In this problem, we investigate some properties about the detailed balance equation.

  • Let [math]\displaystyle{ \Omega }[/math] be a finite set, [math]\displaystyle{ \pi: \Omega \to \mathbb{R}_{\gt 0} }[/math] be a distribution over [math]\displaystyle{ \Omega }[/math], and [math]\displaystyle{ P \in \mathbb{R}^{\Omega\times\Omega} }[/math] be a Markov chain. Suppose for all [math]\displaystyle{ x, y \in \Omega }[/math], it holds that [math]\displaystyle{ \pi(x) P(x, y) = \pi(y) P(y, x) }[/math]. Now, let [math]\displaystyle{ t \gt 0 }[/math] be an integer, show that for all [math]\displaystyle{ x, y \in \Omega }[/math], it also holds that [math]\displaystyle{ \pi(x) P^t(x, y) = \pi(y) P^t(y, x) }[/math].
  • Let [math]\displaystyle{ \Omega }[/math] be a finite set, [math]\displaystyle{ \pi: \Omega \to \mathbb{R}_{\gt 0} }[/math] be a distribution over [math]\displaystyle{ \Omega }[/math], and [math]\displaystyle{ P \in \mathbb{R}^{\Omega\times\Omega} }[/math] be a Markov chain. For all [math]\displaystyle{ f, g \in \mathbb{R}^\Omega }[/math], an inner product [math]\displaystyle{ \langle \cdot, \cdot\rangle_\pi }[/math] with respect to [math]\displaystyle{ \pi }[/math] is defined as [math]\displaystyle{ \langle f, g \rangle_\pi \triangleq \sum_{x \in \Omega} \pi(x) f(x) g(x) }[/math].We want you to prove an equivalent variant for the detailed balance equation:
[math]\displaystyle{ \begin{align} \forall x, y \in \Omega, \quad \pi(x)P(x, y) = \pi(y)P(y, x) \quad \Leftrightarrow \quad \forall f, g \in \mathbb{R}^\Omega, \quad \langle f, P g \rangle_\pi = \langle P f, g \rangle_\pi. \end{align} }[/math]

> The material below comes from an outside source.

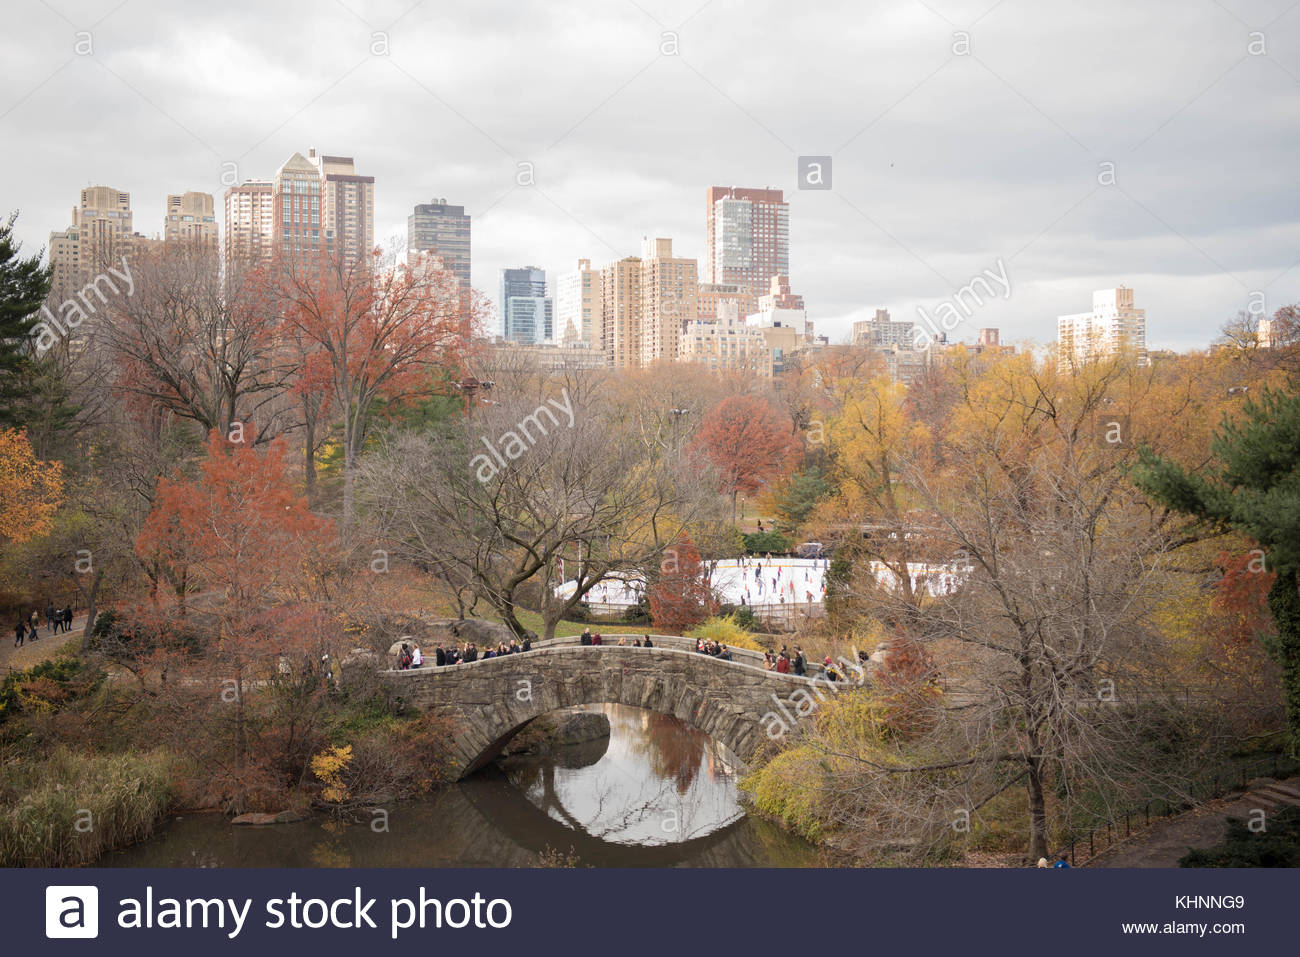 The Gapstow Bridge in Central Park, Manhattan, New York, USA - Stock Image

  • Let [math]\displaystyle{ \Omega_1, \Omega_2 }[/math] be two finite sets. Let [math]\displaystyle{ \pi_1:\Omega_1 \to \mathbb{R}_{\gt 0}, \pi_2 :\Omega_2 \to \mathbb{R}_{\gt 0} }[/math] be two distributions on [math]\displaystyle{ \Omega_1 }[/math] and [math]\displaystyle{ \Omega_2 }[/math], respectively. Let [math]\displaystyle{ P_{12} \in \mathbb{R}^{\Omega_1 \times \Omega_2} }[/math] and [math]\displaystyle{ P_{21} \in \mathbb{R}^{\Omega_2 \times \Omega_1} }[/math] be two Markov chains. Show that:
[math]\displaystyle{ \begin{align} \forall x \in \Omega_1, y \in \Omega_2, \quad \pi_1(x)P_{12}(x, y) = \pi_2(y)P_{21}(y, x) \quad \Leftrightarrow \quad \forall f \in \mathbb{R}^{\Omega_1}, g \in \mathbb{R}^{\Omega_2}, \quad \langle f, P_{12} g \rangle_{\pi_1} = \langle P_{21} f, g \rangle_{\pi_2}. \end{align} }[/math]

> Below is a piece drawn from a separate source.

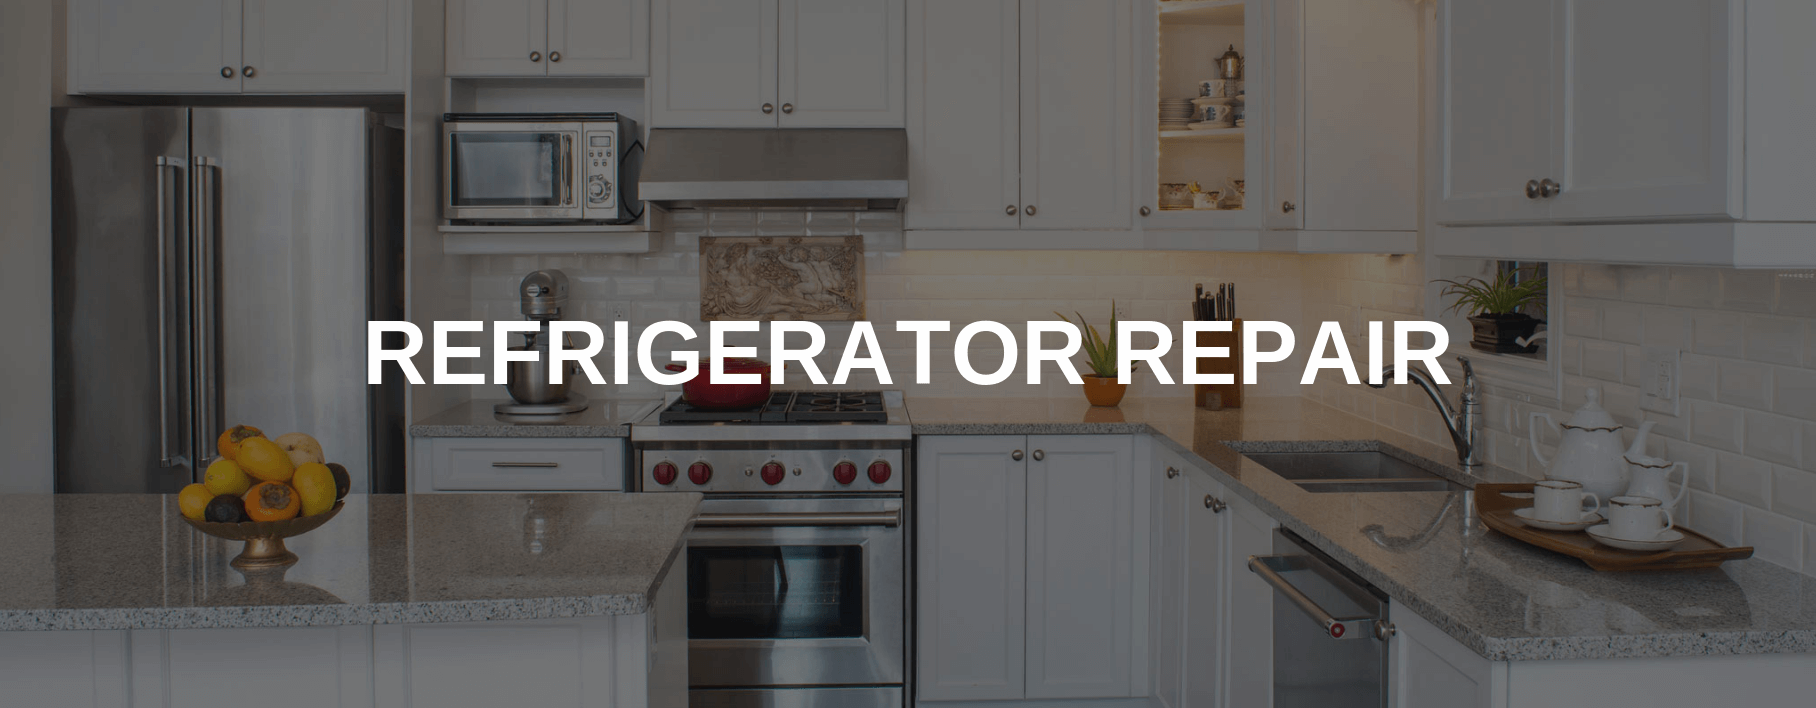 carollton refrigerator repair

[math]\displaystyle{ \quad }[/math] Moreover, assuming that [math]\displaystyle{ P_{12}, P_{21} }[/math] satisfy [math]\displaystyle{ \forall x \in \Omega_1, y \in \Omega_2, \pi_1(x)P_{12}(x, y) = \pi_2(y)P_{21}(y, x) }[/math], show that [math]\displaystyle{ P = P_{12}P_{21} }[/math] is positive semidefinite.